Health and Human Services Secretary Tommy Thompson said the action was part of an effort to boost production of drugs that could be used in the event of another terrorist attack, especially one involving radioactive materials.
The FDA said Prussian blue, which binds with radioactive particles and expels them from the body, would be the first therapy available to decrease radiation exposure. The main side effects were constipation and stomach upset.
It said the drug could be used to treat patients with known or suspected internal contamination with radioactive thallium, non-radioactive thallium, or radioactive cesium.
FDA said cesium-137, found in the fallout from the detonation of nuclear weapons and in the waste from nuclear power plants, was of particular concern because it could potentially be use to build a dirty bomb. Exposure to cesium can cause serious illness and possibly cancer.
TREATMENT IN BRAZIL
An agency spokeswoman said Prussian blue is produced in the United States, but not under pharmaceutical standards. She said it has been used experimentally since the 1960s as an orally ingested drug to increase fecal excretion of cesium and thallium without it being absorbed through the intestines.

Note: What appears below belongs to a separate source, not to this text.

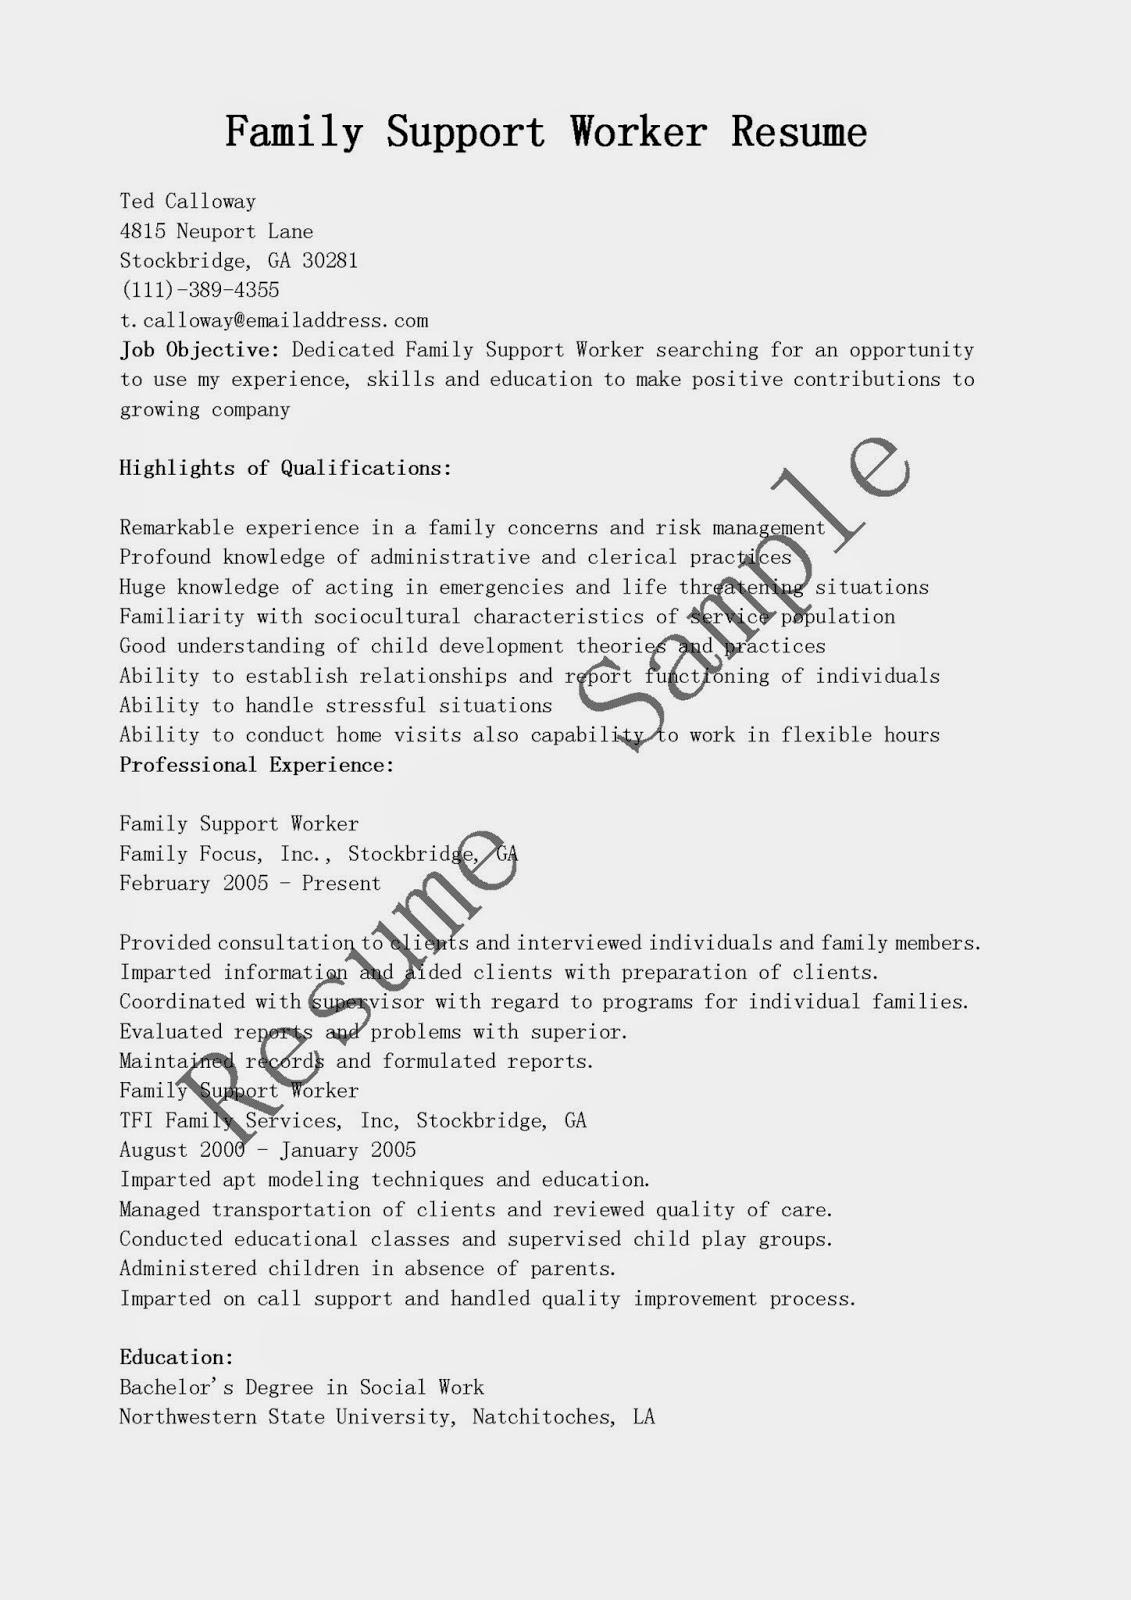 resume sles family support worker resume sle

There are no other FDA-approved treatments for contamination with thallium or radioactive cesium, FDA said.
Prussian blue was used to treat 250 people in Brazil in 1987 after they were contaminated with cesium-137 abandoned after use in a cancer clinic, helping expel the radioactive materials more quickly.
U.S. authorities are holding Jose Padilla, a U.S. citizen who was captured in May and is accused of plotting with al Qaeda to detonate such a device.
A so-called "dirty bomb" involves exploding a conventional bomb wrapped in radioactive material that can kill victims in the immediate area and spread highly toxic material to humans, causing mass death and injury.
Prussian blue was first synthesized in 1704 and has been used as an industrial and artist's pigment since 1724.